Covid Hospital Cases Will Rise, Says Jenny Harries

UK Health Security Agency chief says “it doesn’t look as though that wave has finished yet".
TOBY MELVILLE via Getty Images

Hospital cases with Covid are expected to rise further, according to a health chief who told of her concerns about the ability to treat other illnesses as a result.

Jenny Harries said it does not look as though the current wave has peaked, and urged people to “go about their normal lives” but in a “precautionary way”.

The UK Health Security Agency chief executive’s comments come days after the latest figures showed Covid-19 infections in the UK had jumped by more than half a million in a week.

Harries told the BBC’s Sunday Morning programme: “It doesn’t look as though that wave has finished yet, so we would anticipate that hospital cases will rise. And it’s possible, quite likely, that they will actually peak over the previous BA.2 wave.

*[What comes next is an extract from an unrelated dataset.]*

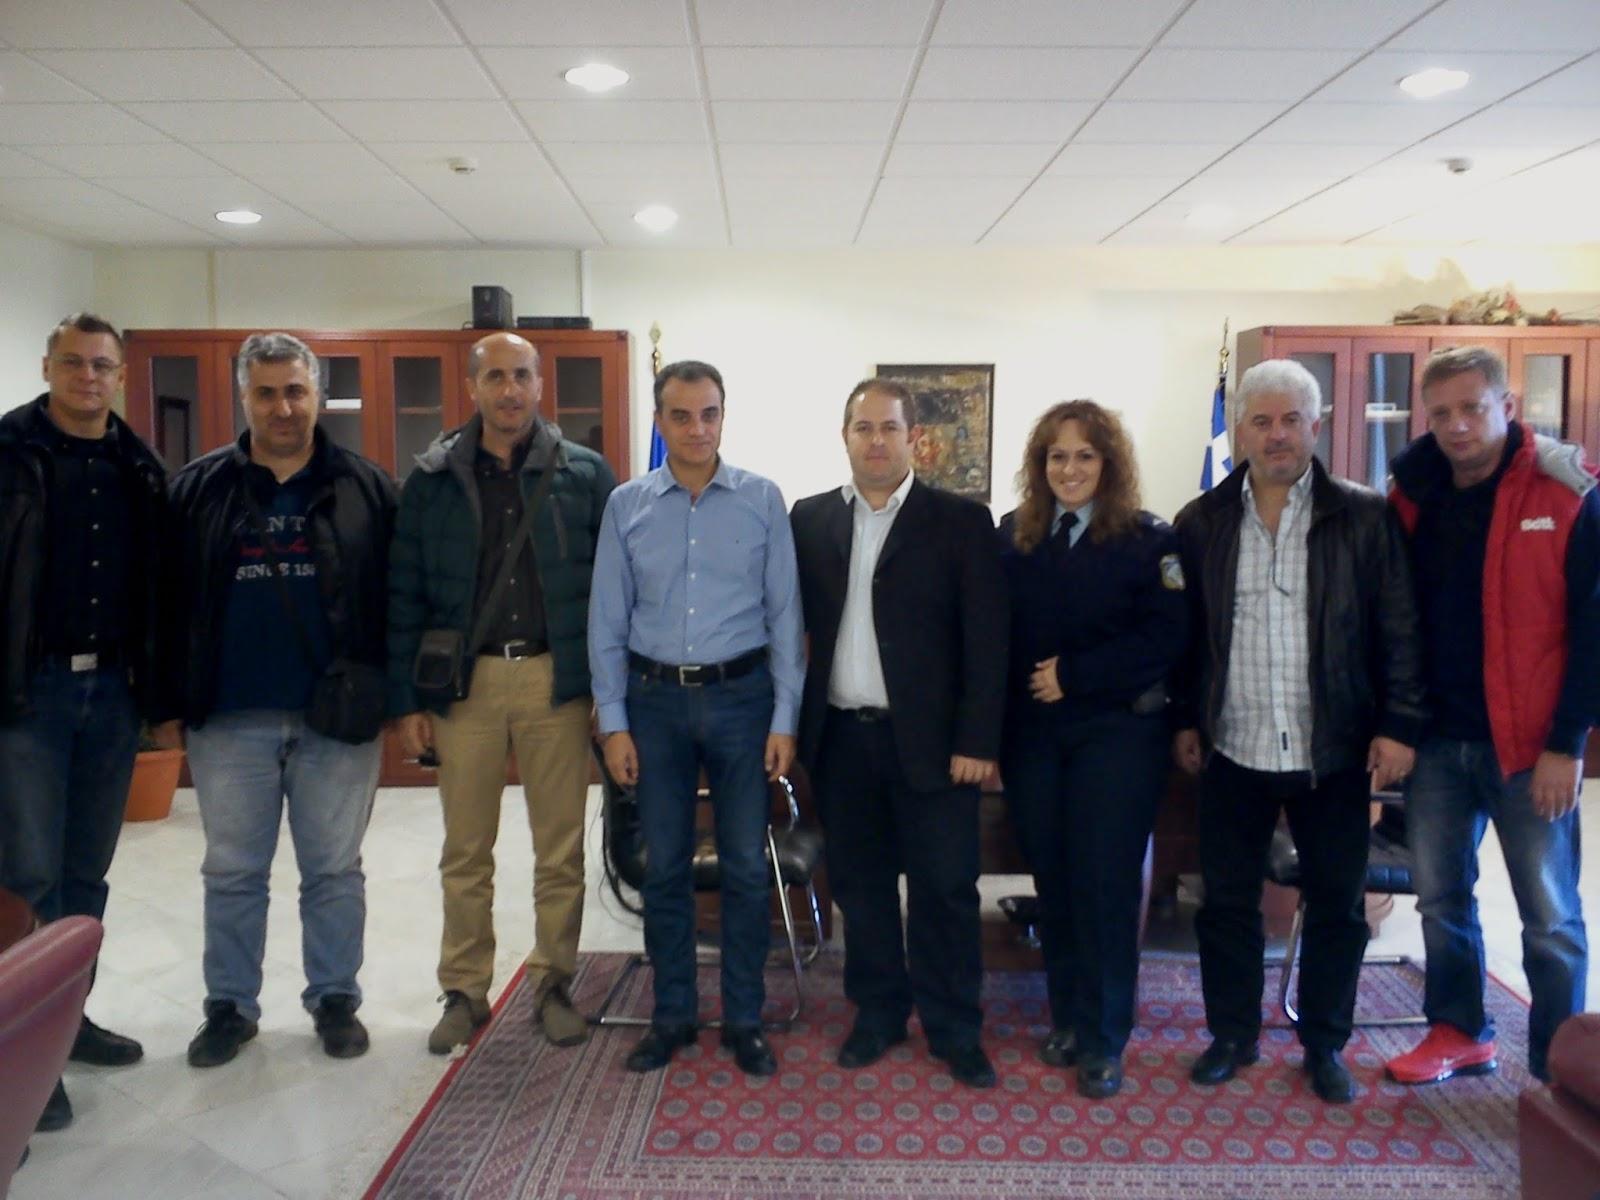 Συνάντηση Περιφερειάρχη Δυτικής Μακεδονίας  με την Ένωση Αστυνομικών Υπαλλήλων Π.Ε. Κοζάνης

“But I think the overall impact, we won’t know. It’s easy to say in retrospect, it’s not so easy to model forward.”

She said the majority of cases in the UK now are BA.4 and BA.5 and that the latter is “really pushing and driving this current wave”.

Harries added that people should “go about their normal lives but in that precautionary way”, highlighting handwashing, keeping distance where possible and wearing a face covering in enclosed, poorly ventilated places.

She said she has not been routinely wearing a face mask, but she does routinely carry one and would wear it on the Tube and if she was with someone who was “quite anxious” about Covid.

Speaking about masks, she said: “If I’ve got any respiratory infection it’s a good thing to do and I think it’s a new lesson for the country.”

Asked if it matters that a lot of people are getting infected with Covid, she said that aside from the effect on individuals, it also “matters on a national basis”.

“Whilst we have an armament now of vaccines and antiviral treatments, we do have, as you’ve just highlighted, a rise in hospital admissions and occupancy,” she said.

“And that means it’s not just Covid that we’re concerned about, but it’s actually our ability to treat other illnesses as well.”

A total of 2.3 million people in private households are estimated to have had the virus last week, up 32% from a week earlier, according to the Office for National Statistics (ONS).

This is the highest estimate for total infections since late April, but is still some way below the record of 4.9 million at the peak of the Omicron BA.2 wave at the end of March.

Harries appealed to the “nearly 20% of the 75-plus year-old group” who have not had their spring booster to come forward.